If you’ll be on Cape Cod this summer, you may be interested in short summer STEM camps run by Jr. Tech in…
- Computer Game Developer: July 7-9, entering Grades 6-9
- Animation Creation: July 10, entering Grades 6-8
- Computer Programming in Java: August 3-5, entering Grades 7-9
and Marstons Mills:
- Screeching Rockets: July 20, entering Grades 5-7
- Simple Machines for Kids: July 20, entering Grades 4-6
- Fizz, Bang, Boom: July 21, entering Grades 4-5
- Computer Science Camp for Kids: July 22-24, entering Grades 5-7
Registration is open now. For more information, call 774-994-2097 or email email@example.com.

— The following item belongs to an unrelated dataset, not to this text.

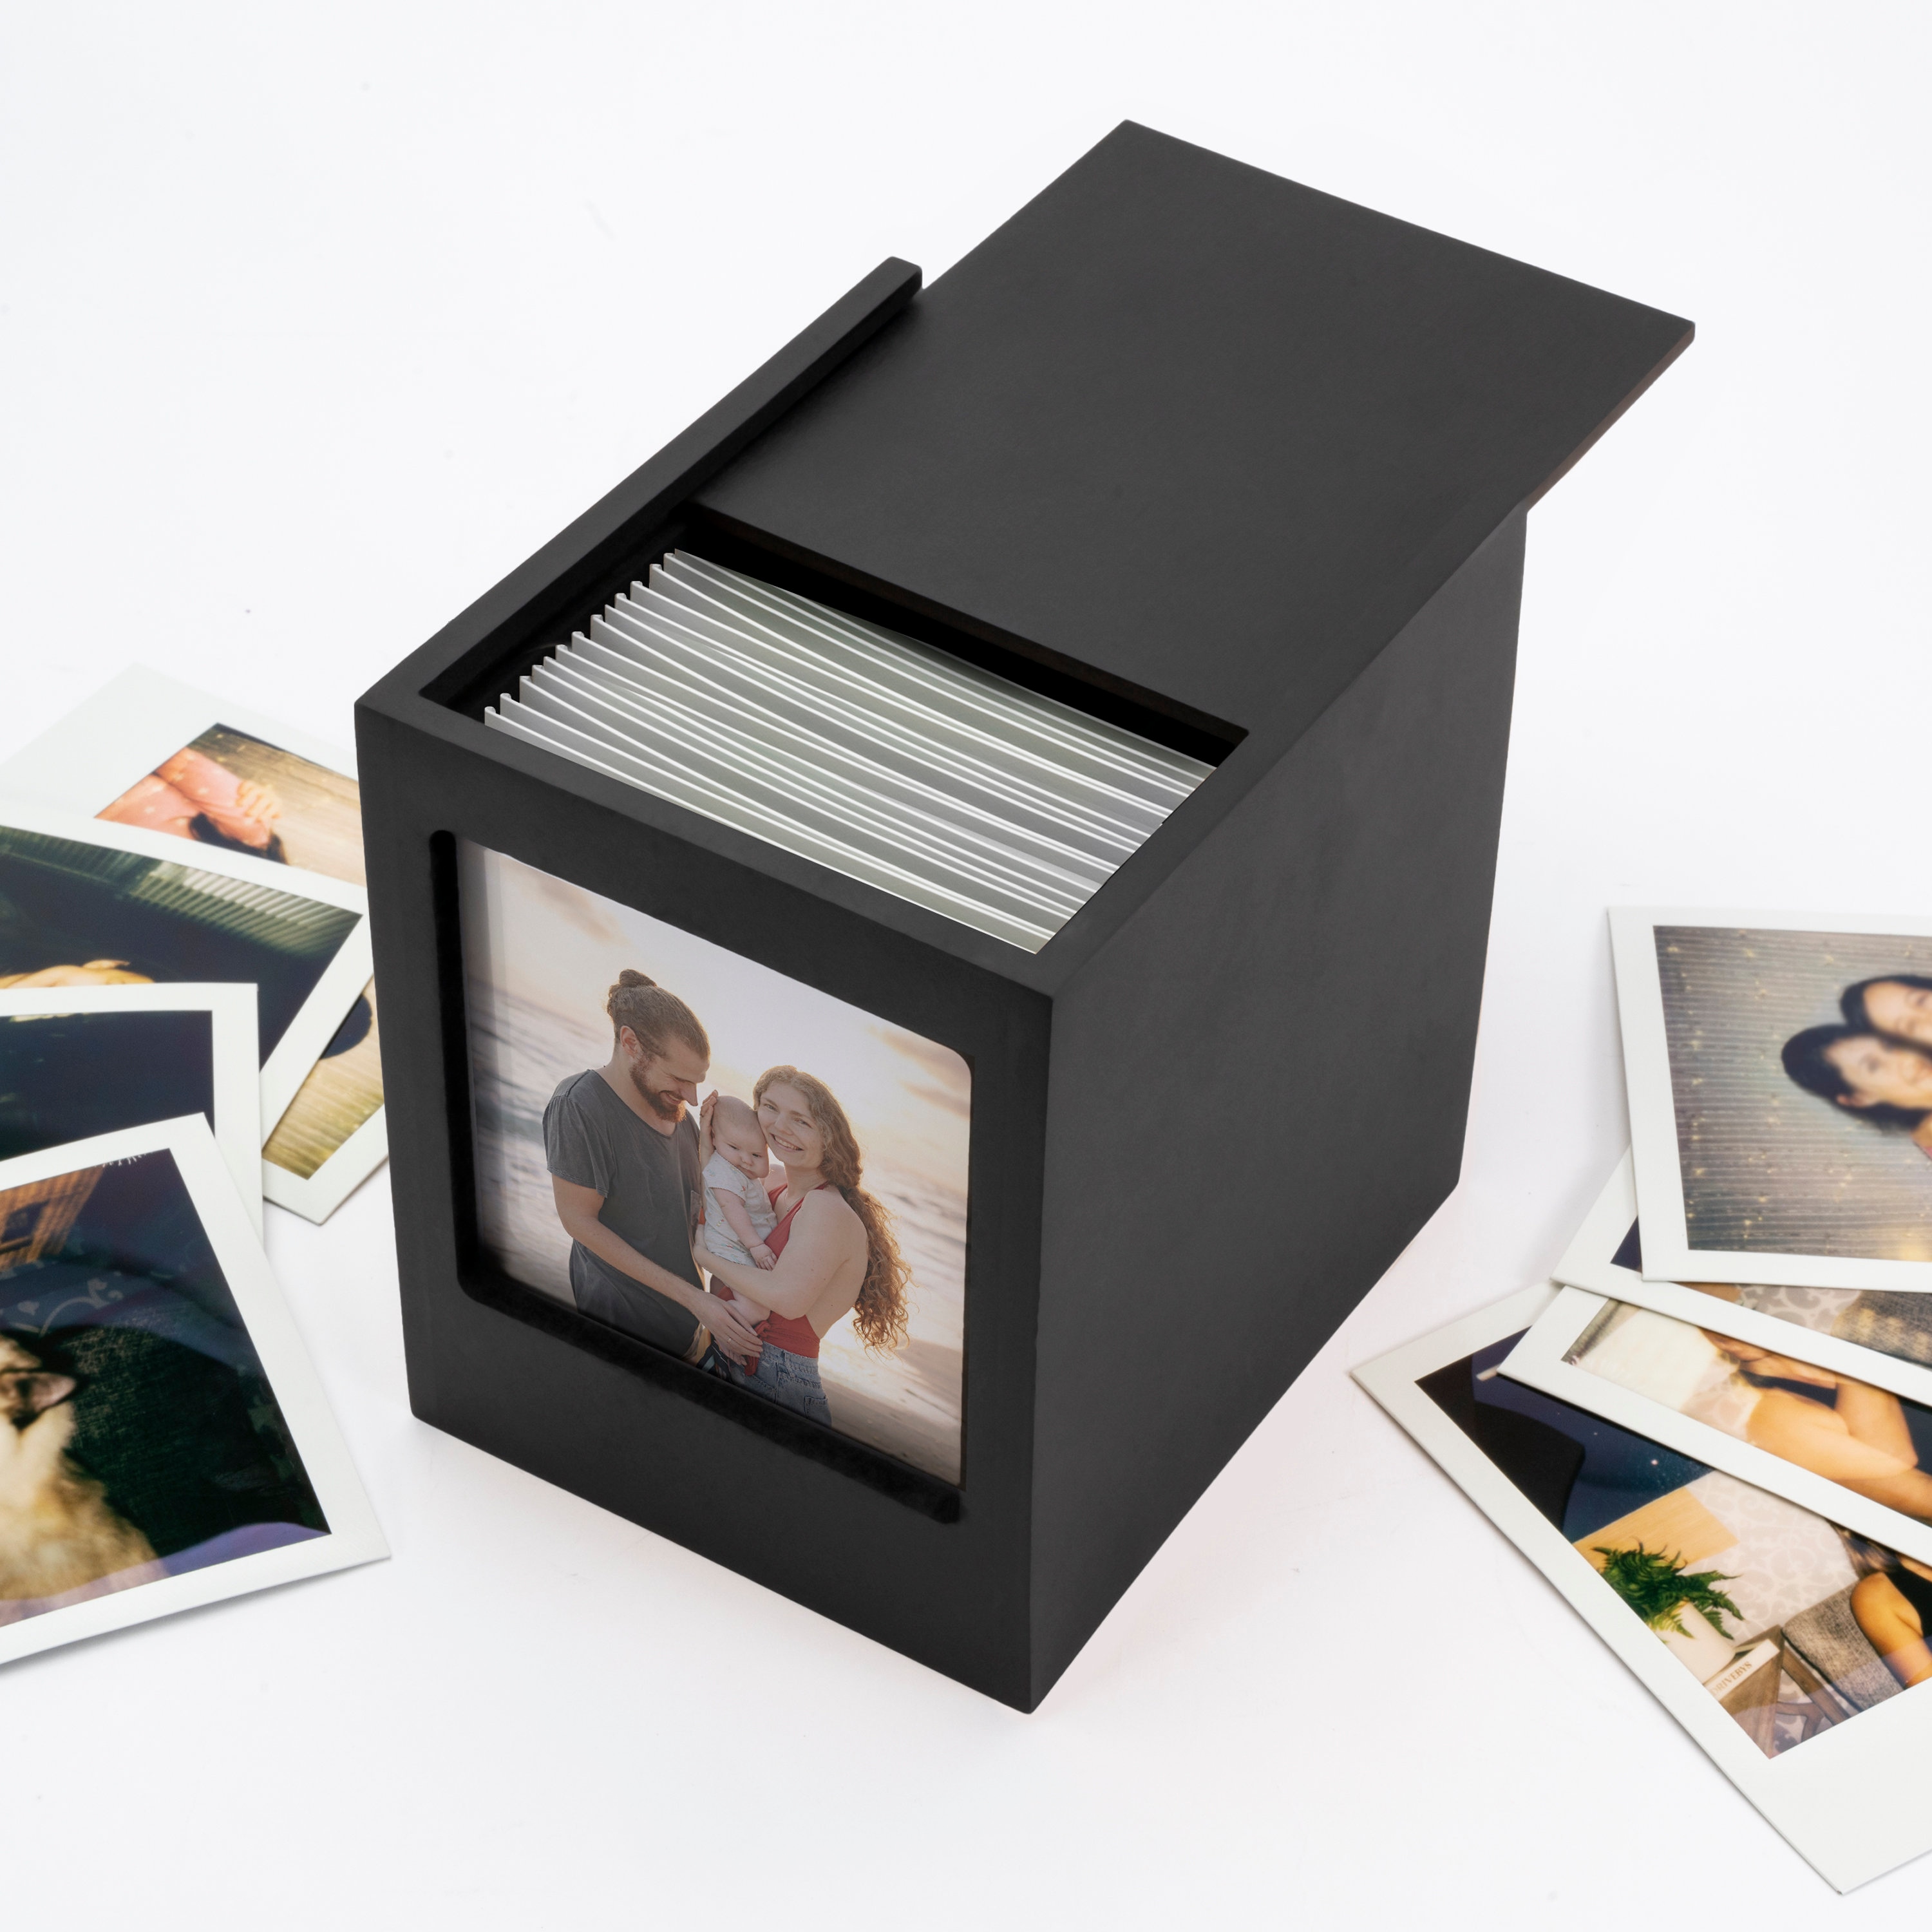 Polaroid Color Film for 600 Color Frame | Pink Album Holds 32 Photos -  Starter Kit!

The Newton Girls Who Code club is winding up a very successful first year in Newton and planning to expand next year. Laurie Finkielsztein, a Newton resident and junior at Gann Academy, started the club, inspired by her experience at the 7-week Girls Who Code immersion program at Twitter/Cambridge last summer. She contacted Liz Rowland, teen librarian at the Newton Free Library, who recruited Google software engineer David Miller as volunteer instructor for the Newton after-school sessions. When 37 girls came to the third meeting last October, they divided into two sections, each meeting two hours a week to learn computer science and create projects using the Girls Who Code curriculum.
Throughout the school year, they created video games and computer-aided art; built apps for phones and mobile web browsers; and studied cryptography and artificial intelligence. Newton’s club has been featured in GigaOm, the Google Cloud Platform blog, and the Newton TAB. This spring, they met for an afternoon with Harvard’s Women in Science club. In May, their final projects will tackle real-world community problems, and this summer two students will attend the Girls Who Code summer immersion program.
Laurie says, “I’ve been so surprised at how excited these girls are. They don’t feel that coding is nerdy. We’re changing that stereotype by starting young. They see that coding is one of the coolest things you’ll get to do. It’s the closest thing to having super-powers. It’s a skill that can be applied to anything. It teaches you a new way to think.”
Newton GWC aims to expand its offerings next school year, with more sections and new technologies (3D printing, Raspberry Pi). A family information session will be held at the Newton Free Library, Wednesday, September 16 at 7PM. Club meetings will start in early October. For more information, prospective students should contact Liz Rowland at firstname.lastname@example.org. Prospective volunteer instructors should contact David Miller at email@example.com.
The 2015 Massachusetts STEM Summit will be held on November 10 at DCU Center in Worcester. Proposals for sessions or exhibits may be submitted until May 1 for any of these themes: Career Awareness & Workforce Development, Digital Education, Early Education, K-12 Education, Higher Education (2-year or 4-year), Innovation & Entrepreneurship, Out-of-School Time, or Research and Practice.